Basin just looked at the floor in humiliation, timidness, and frustration. He knew nothing he could say would make any difference. Standing slowly, purposefully to leave, he found himself pressed hard against the tree which had until that moment been a safe prison, against the outside, now felt like a cell in which he was unpleasantly trapped with Gedral. For a moment their eyes and steaming breath met, causing a mist between them, making his intruder appear like a phantasm from his imagination. He closed his eyes to form his words, gaping his lips ever so to begin forming his words, when his face was met with pressure and warmth. Gedral was kissing him. A deep hard long kiss. The kind used to shut someone up, when you know their words will hurt you, but they won’t resist your actions.

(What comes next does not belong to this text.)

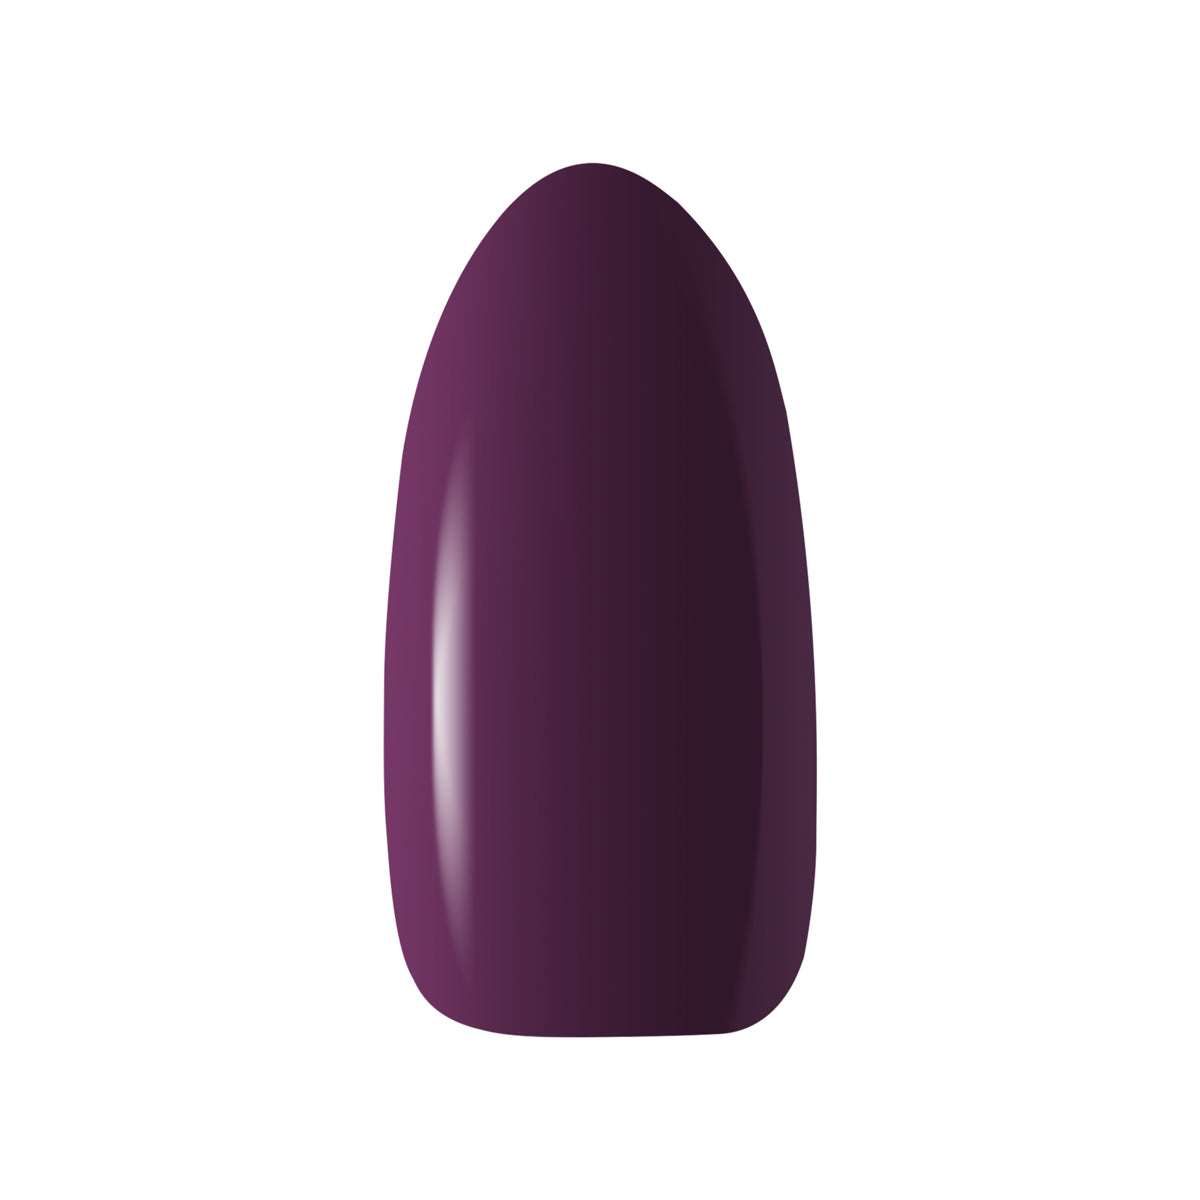 OCHO NAILS Hybride nagellak violet 411 -5 g
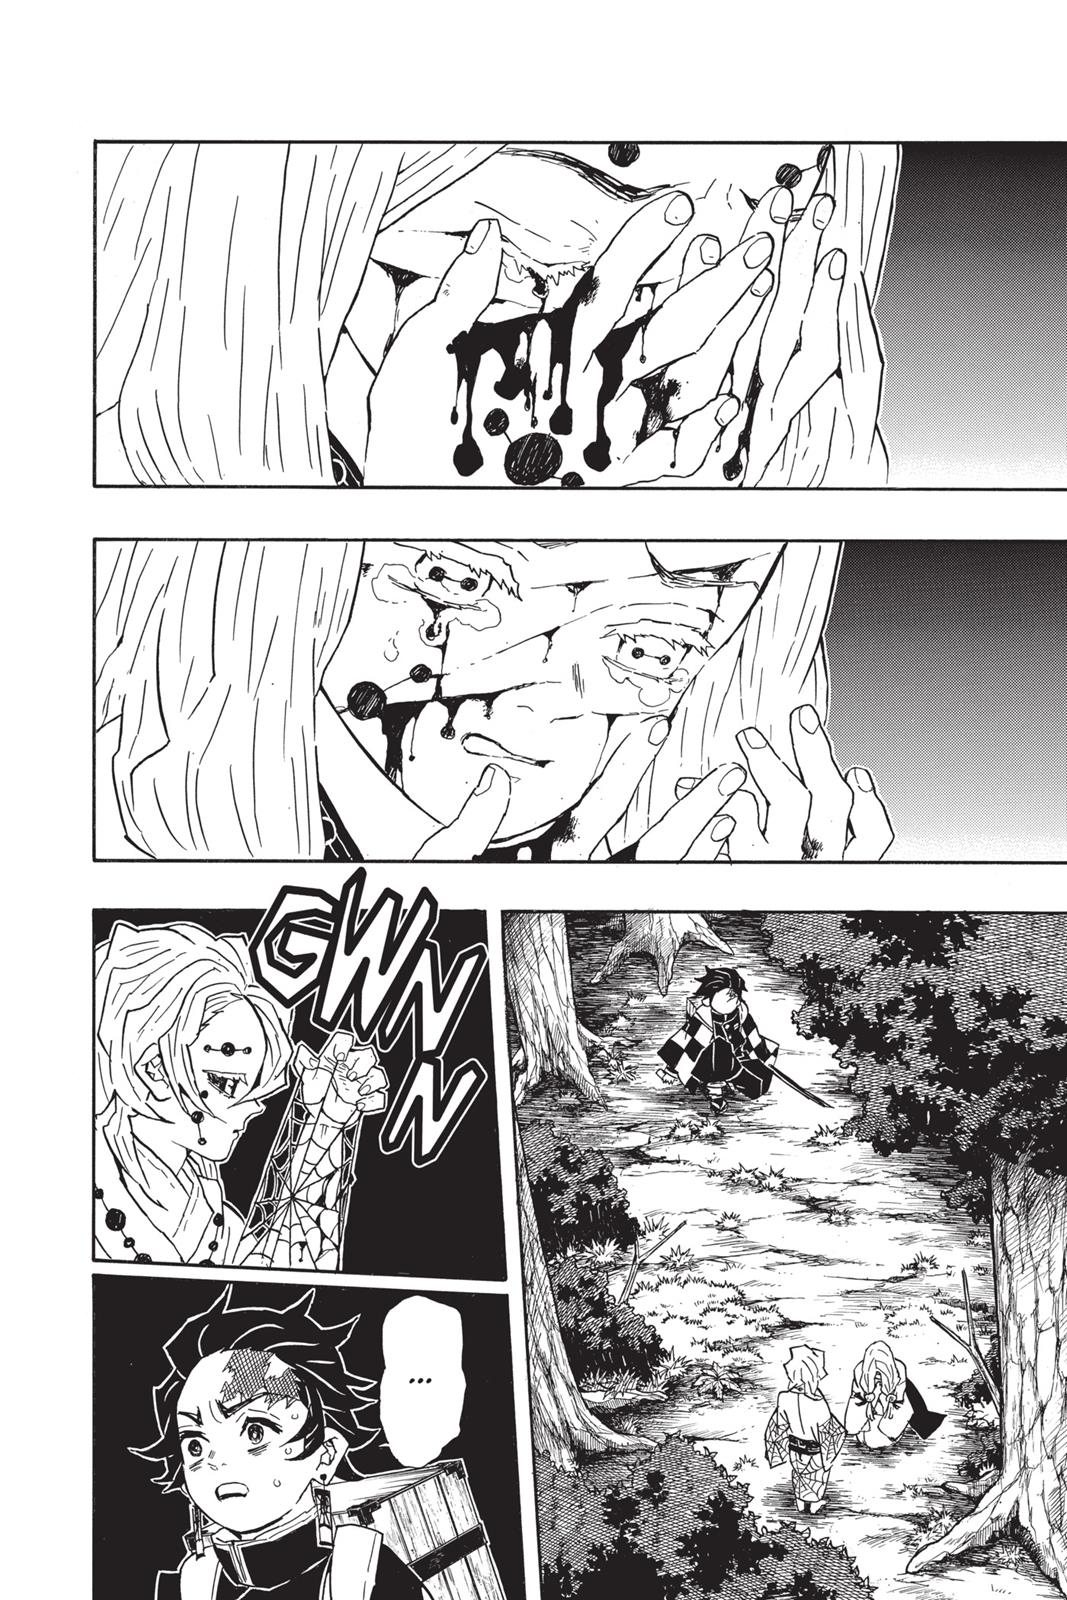 Demon Slayer Manga Manga Chapter - 36 - image 1

As quickly as it had happened it was over, this time no words would come, and he could not move. Basin stood frozen by a frozen lake on frozen land, all until his swooning head could contain itself again. Upon the very moment he regained control of his functions he ran, back to his family home, not looking back to where Gedral remained standing, hands in pockets, then eventually kicking the snow while he walked solemnly round the lake to his own destination. It was already too late to run, the seed had been planted, and Basin knew as soon as he fell into his bed, after carving his path straight there from the front door, shedding shoes and coat, leaving soaked socked feet hanging over the end of the bed, that he was already Gedral’s. All over again.